Marina South Pier is a pier that is located in Marina South, Singapore. It is used as a terminal for tourists and day-trippers who are boarding small boats and ferries heading for the Southern Islands. There are regular ferries from the pier to Kusu Island and Saint John's Island. Spare parts, documents, water test kits and 3D-printed consumables are partly delivered via Unmanned Aircraft Systems (drones) to vessels anchored at the South Pier.

==History==
Marina South Pier was first announced in January 2004, to act as a landing point for ship's crews in place of Clifford Pier. Covering an area of 92000 sqft, the pier was intended to be the first of four ferry terminals at Marina South, and to make way for the conversion of Marina Bay into a reservoir.

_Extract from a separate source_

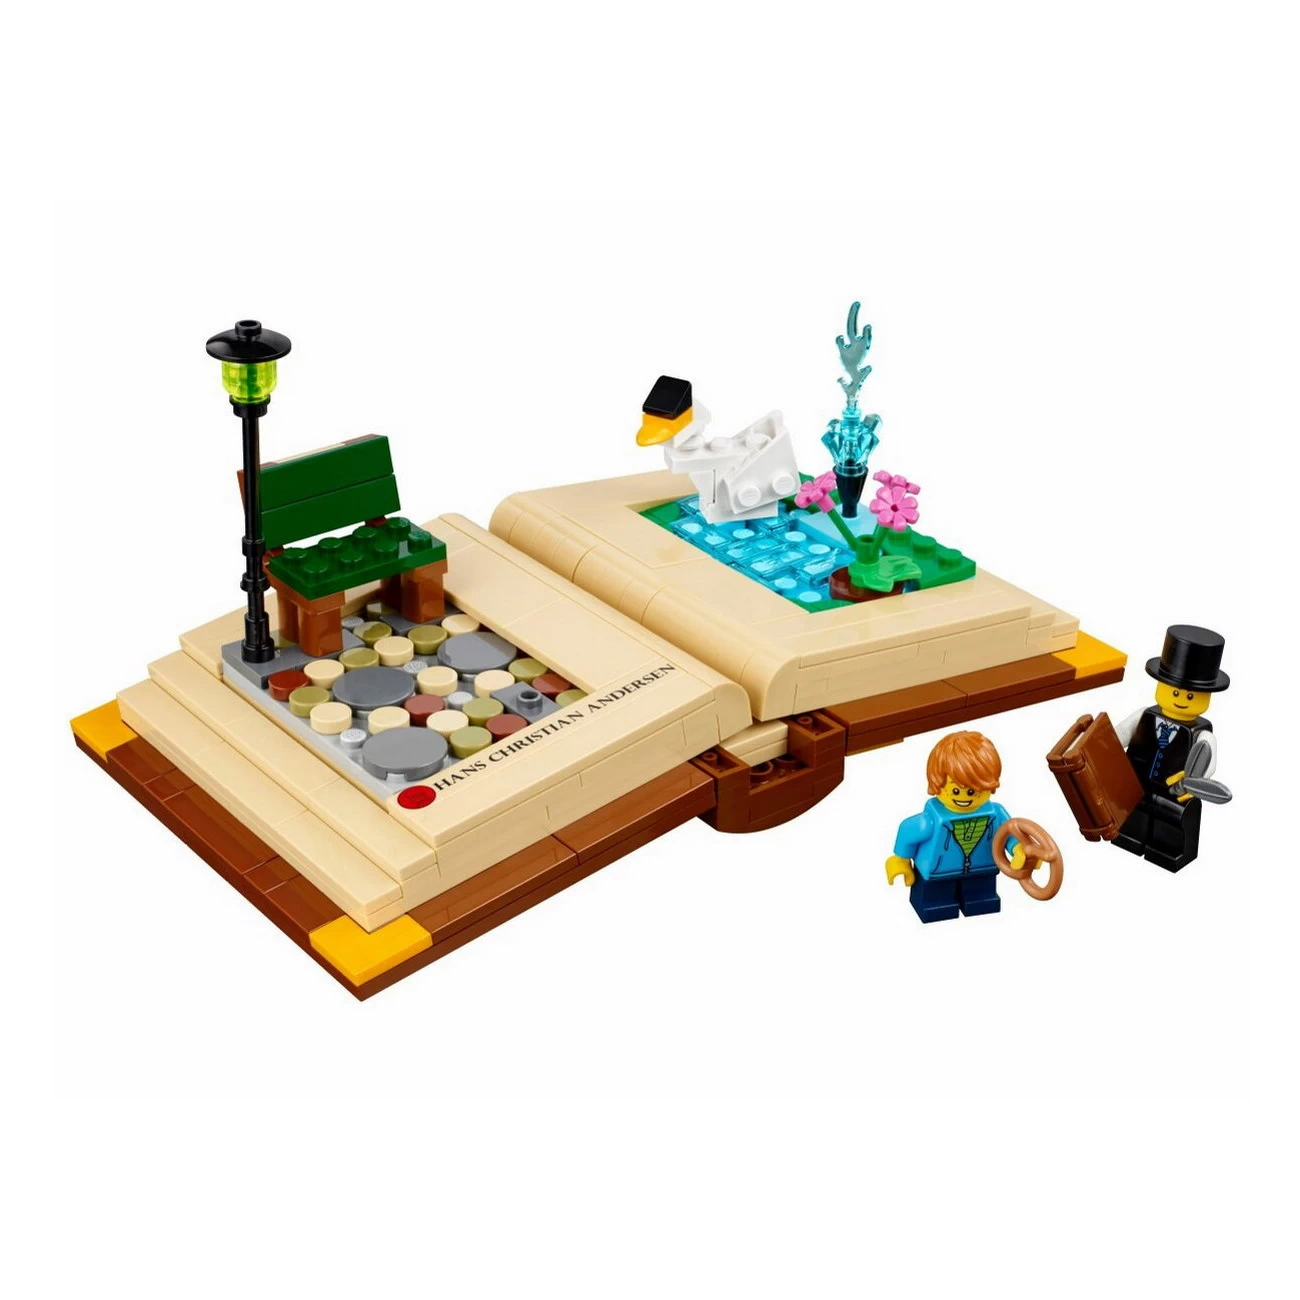 LEGO 40291 - Hans Christian Andersen - Kreatives Bilderbuch

The pier commenced operations in April 2006, but due to poor transport connections and lack of development in the vicinity, boat operators at the pier initially fared poorly, while efforts by the Maritime and Port Authority of Singapore to publicise the pier had little effect. Marina South Pier was subsequently officially opened in June 2006, and played host to an open house showcasing careers in the maritime industry to students. In 2012, a 1000 m2, Singapore Maritime Gallery was opened at the pier, while businesses at the pier continued to do poorly as of 2013.

On 22 November 2014, the North–South MRT line was extended to serve Marina South Pier at Marina South Pier MRT station.

==Design==
Capable of handling up to 3,000 passengers, Marina South Pier comprises a three-storey building with immigration facilities, food establishments, a viewing deck and ticketing booths. It also sports a green glass facade and a wavy roof.